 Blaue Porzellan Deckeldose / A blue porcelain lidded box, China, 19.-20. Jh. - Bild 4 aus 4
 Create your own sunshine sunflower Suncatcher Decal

...

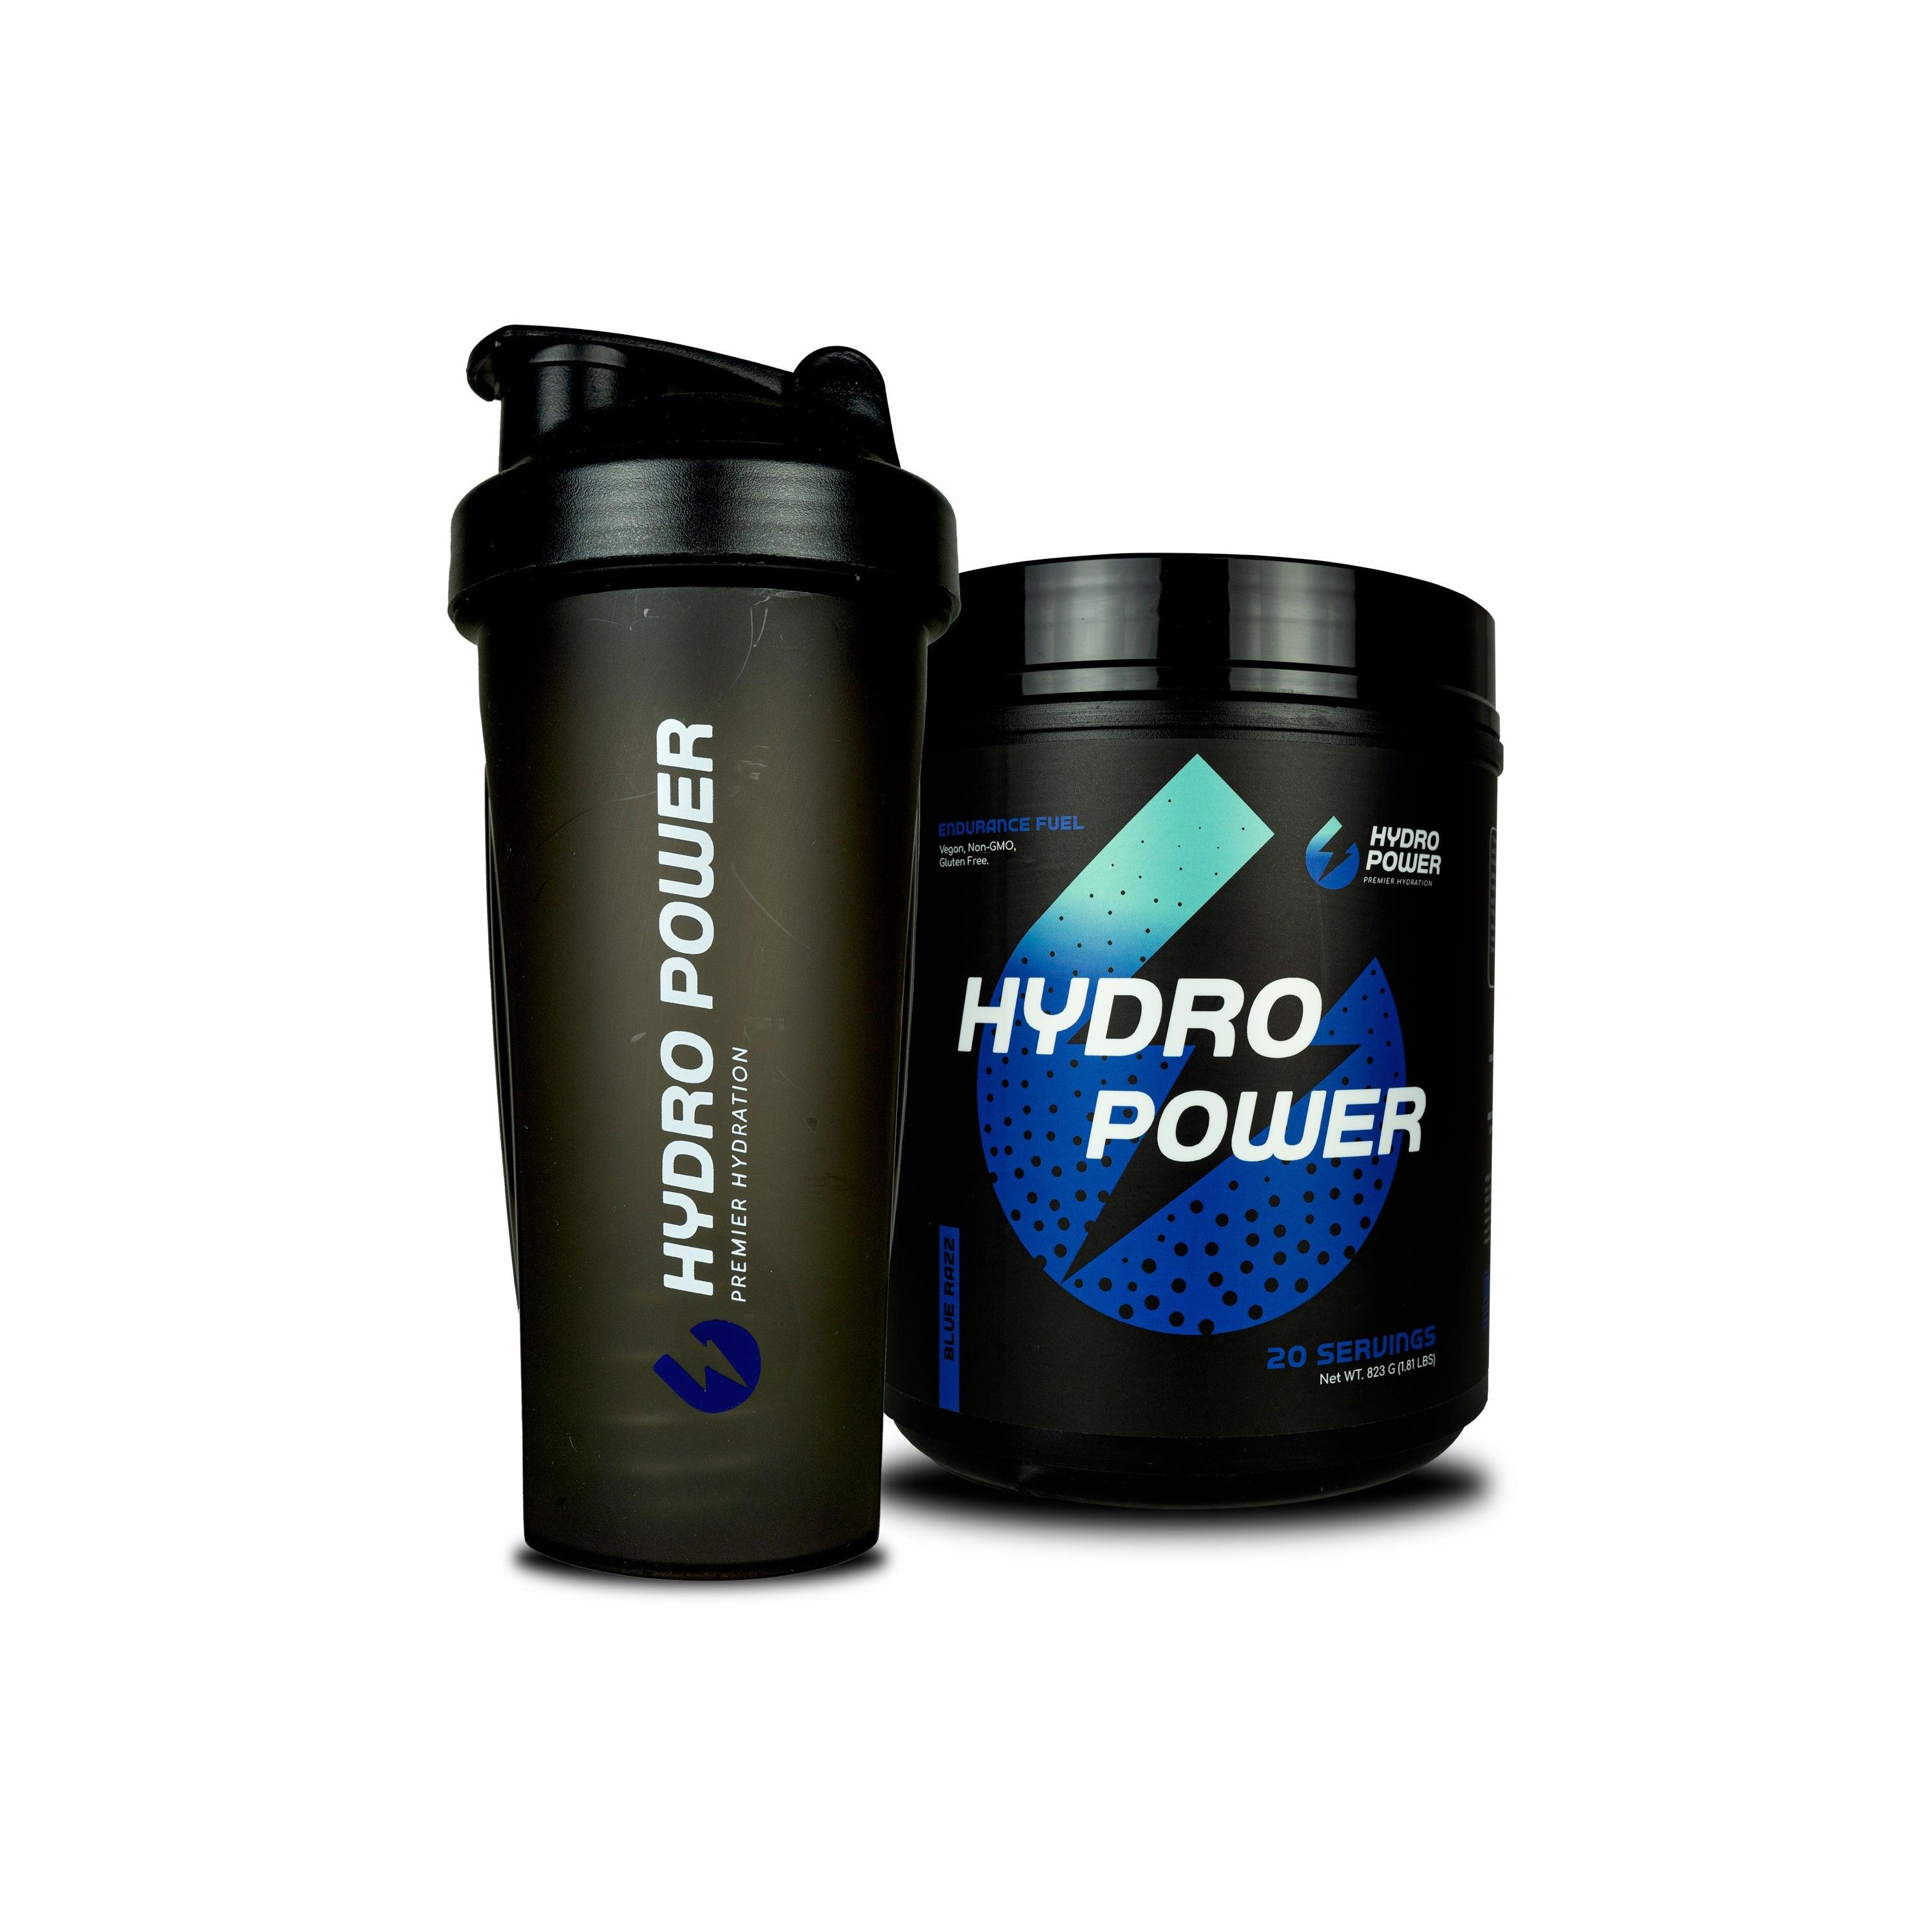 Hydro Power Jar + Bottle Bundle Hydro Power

> **WHAT NEEDS TO BE DONE**: Out of the data above, transcribe exactly and only the lines starting with the line that has "Blaue Porzellan Deckeldose" and going on through the line that has "Create your own", both included.

> **EXPECTED ANSWER**:
 Blaue Porzellan Deckeldose / A blue porcelain lidded box, China, 19.-20. Jh. - Bild 4 aus 4
 Create your own sunshine sunflower Suncatcher Decal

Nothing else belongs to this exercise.